Precious & Capitalism: A Love Story

Among its other bounties, March 9 brought two disparate, yet somehow overlapping, movies to disc. Both Precious and Capitalism: A Love Story are members of that rare breed, the socially-conscious American film. One is a narrative (based, as the advertising campaign never tired of reminding us, on a work of fiction by the author Sapphire), the other a documentary. One takes place twenty years ago (Precious is set in 1987), the other spans decades with the emphasis on how this history has culminated in the present day. And in the same spirit as these other differences, the films employ divergent approaches to their subjects. Precious zeroes in on the travails of its protagonist - the film touches on issues of race, class, sexuality, welfare politics, and education alternatives, but eschews didactic lectures (if not necessarily didactic characters or devices). Capitalism is, by nature, didactic - it's a Michael Moore film, after all, and even if he's toned down his personal appearances he still likes to tell us what he thinks and what he thinks we should think on the soundtrack.

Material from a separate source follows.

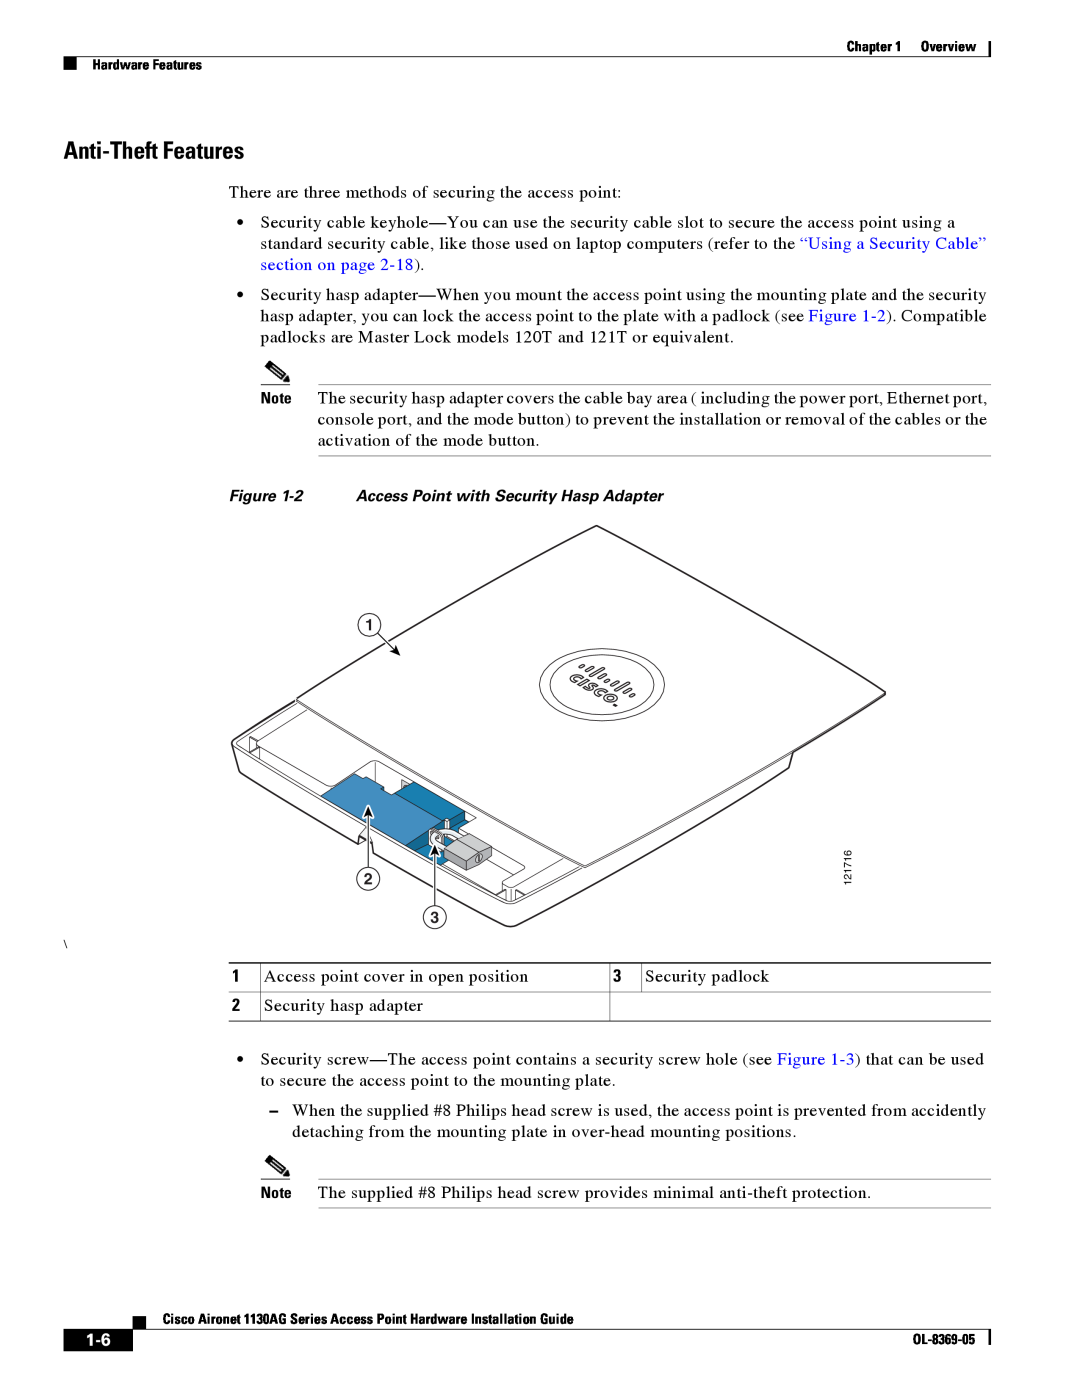 Cisco Systems 1130AG manual Anti-Theft Features

Putting aside these obvious differences, take a moment to look at those posters. Some would suggest that their iconic, blocky form - employing recognizable silhouettes rather than detailed features - represent their explorations of American society: simplistic, broadly defined, perhaps cartoonish. I wouldn't necessarily go that far but the two movies are linked by a certain bombastic, preening thrust - and also by the very fact that they peek beneath the increasingly tattered surface of the American Dream, and can't help but be self-conscious about doing so.